■ Work item:
Type out the lines below exactly, pictures excluded.

■ Stored data:
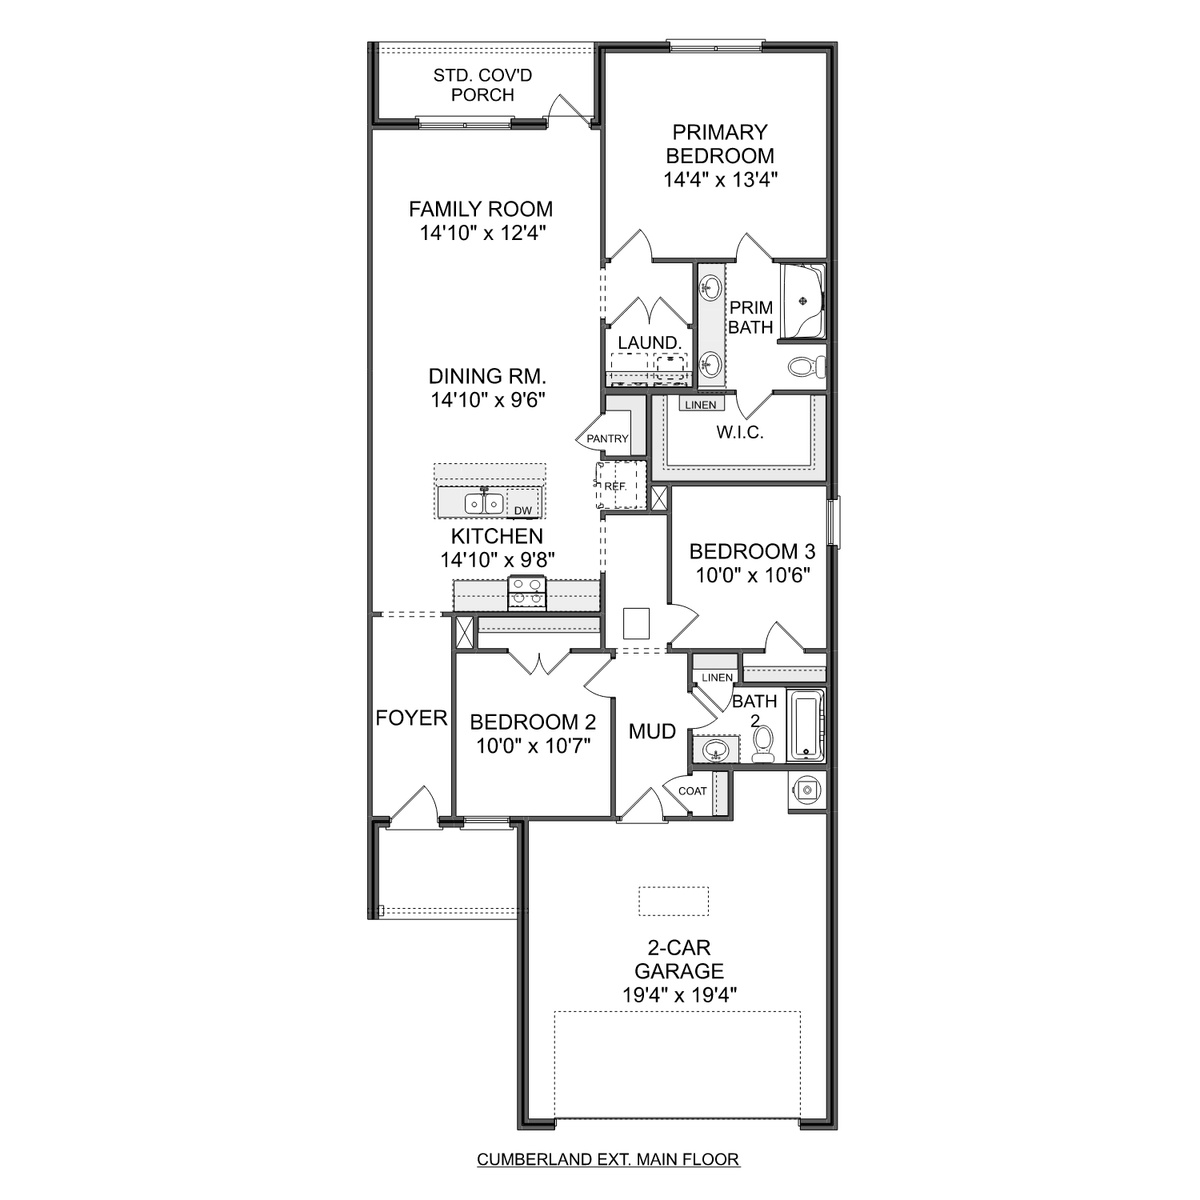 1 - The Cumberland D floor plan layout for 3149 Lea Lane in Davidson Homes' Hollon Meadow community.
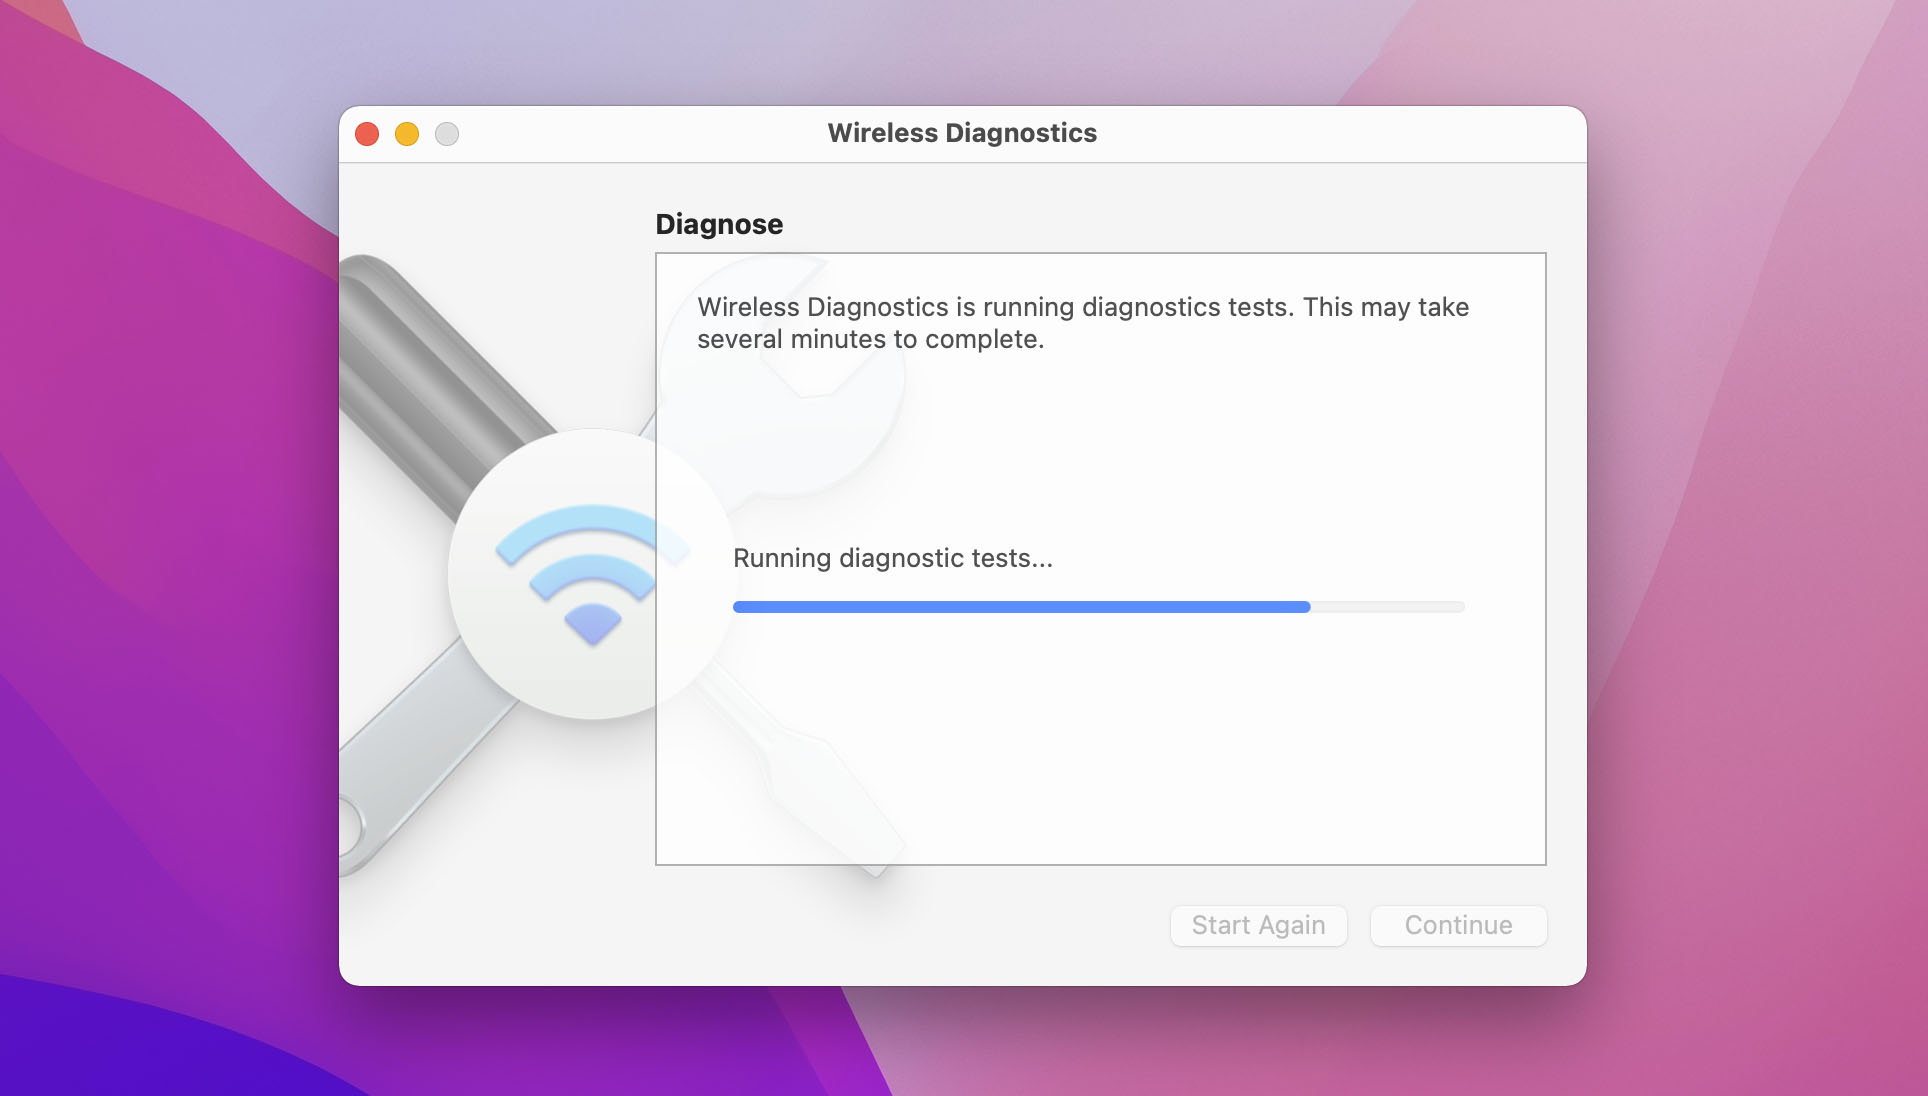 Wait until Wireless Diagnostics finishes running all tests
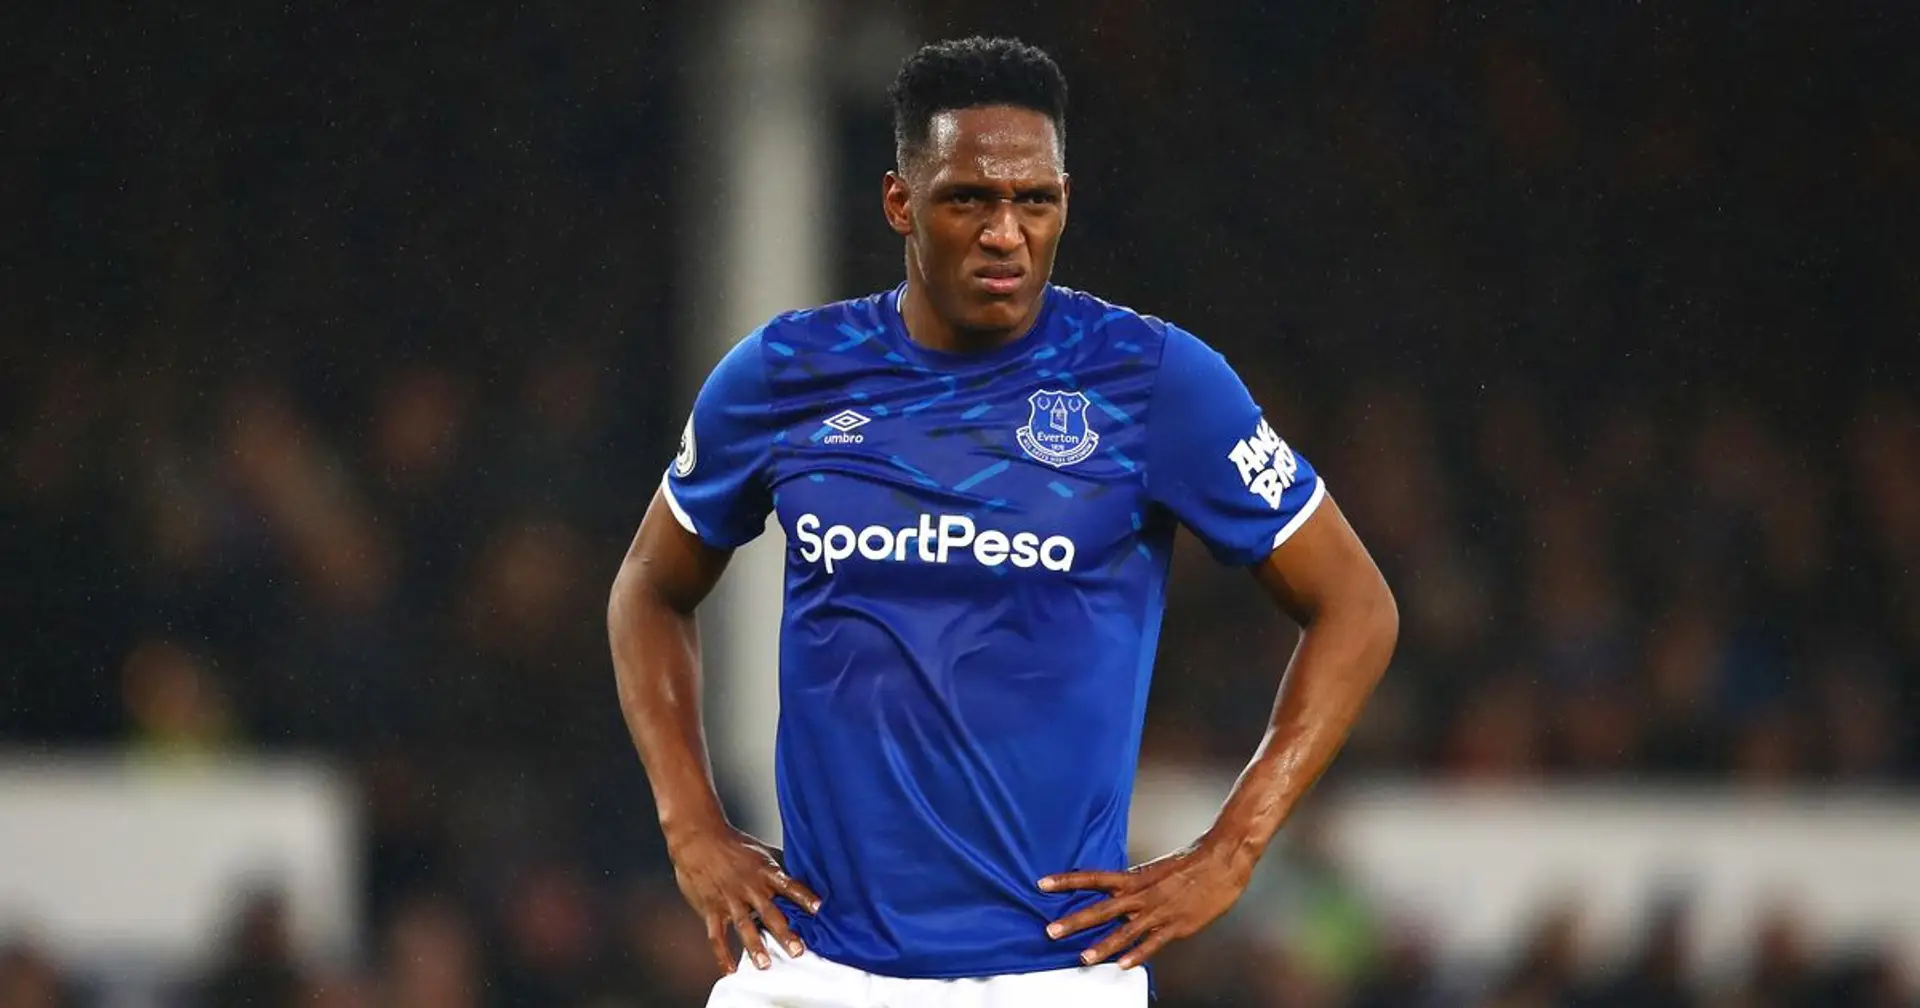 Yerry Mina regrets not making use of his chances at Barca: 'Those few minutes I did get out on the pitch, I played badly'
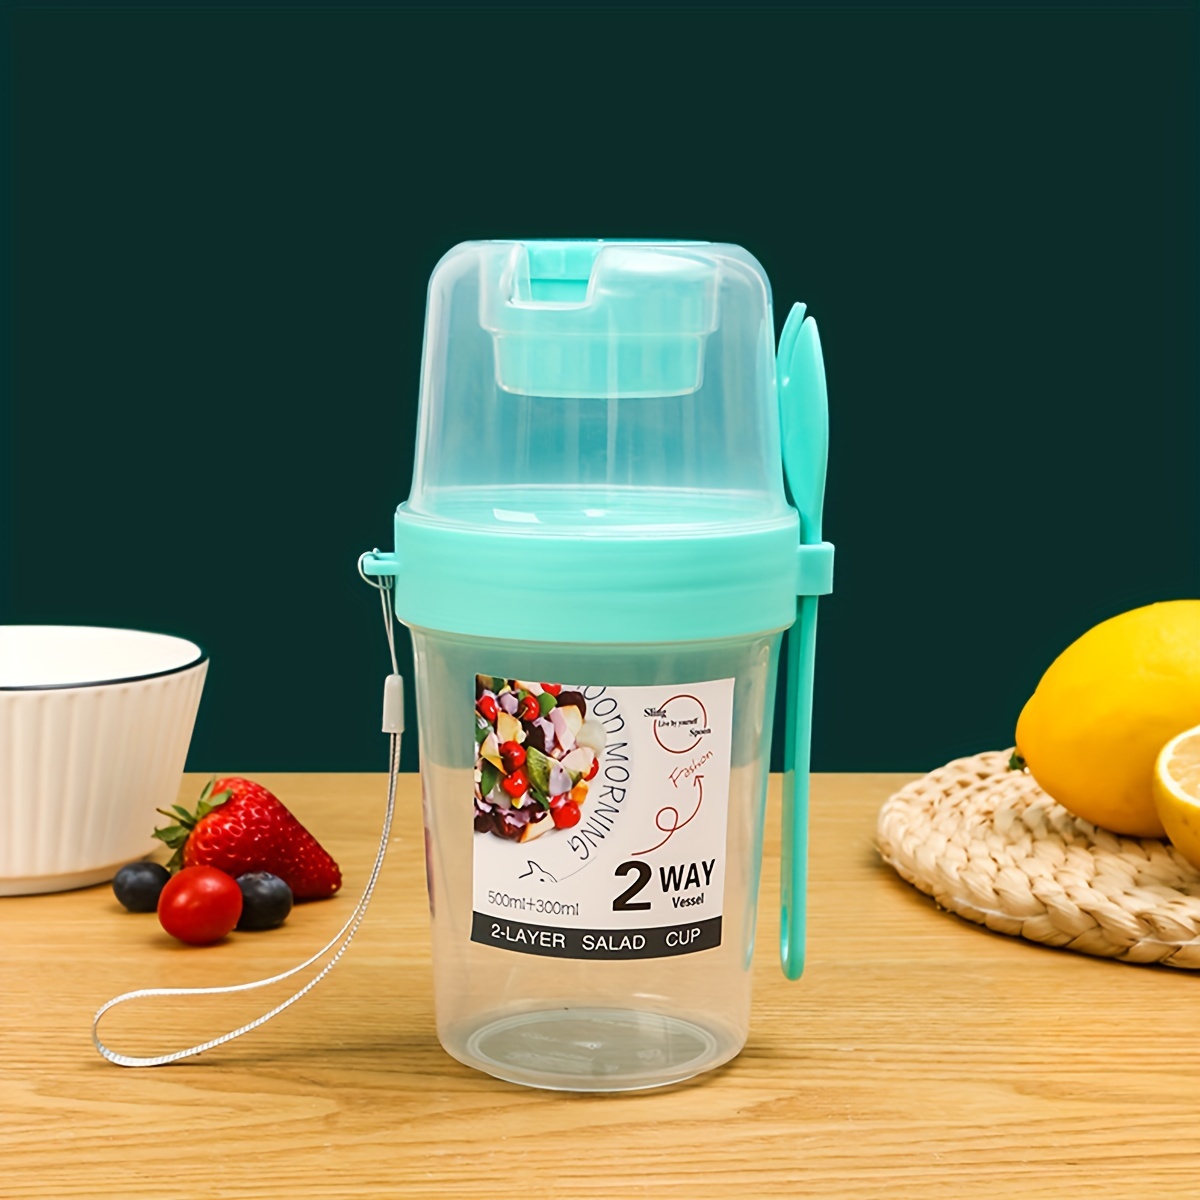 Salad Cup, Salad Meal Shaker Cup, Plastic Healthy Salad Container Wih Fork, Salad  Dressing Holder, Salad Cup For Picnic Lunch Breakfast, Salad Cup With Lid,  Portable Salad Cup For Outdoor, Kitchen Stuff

■ Solution:
 1 - The Cumberland D floor plan layout for 3149 Lea Lane in Davidson Homes' Hollon Meadow community.
 Wait until Wireless Diagnostics finishes running all tests
 Yerry Mina regrets not making use of his chances at Barca: 'Those few minutes I did get out on the pitch, I played badly'
 Salad Cup, Salad Meal Shaker Cup, Plastic Healthy Salad Container Wih Fork, Salad  Dressing Holder, Salad Cup For Picnic Lunch Breakfast, Salad Cup With Lid,  Portable Salad Cup For Outdoor, Kitchen Stuff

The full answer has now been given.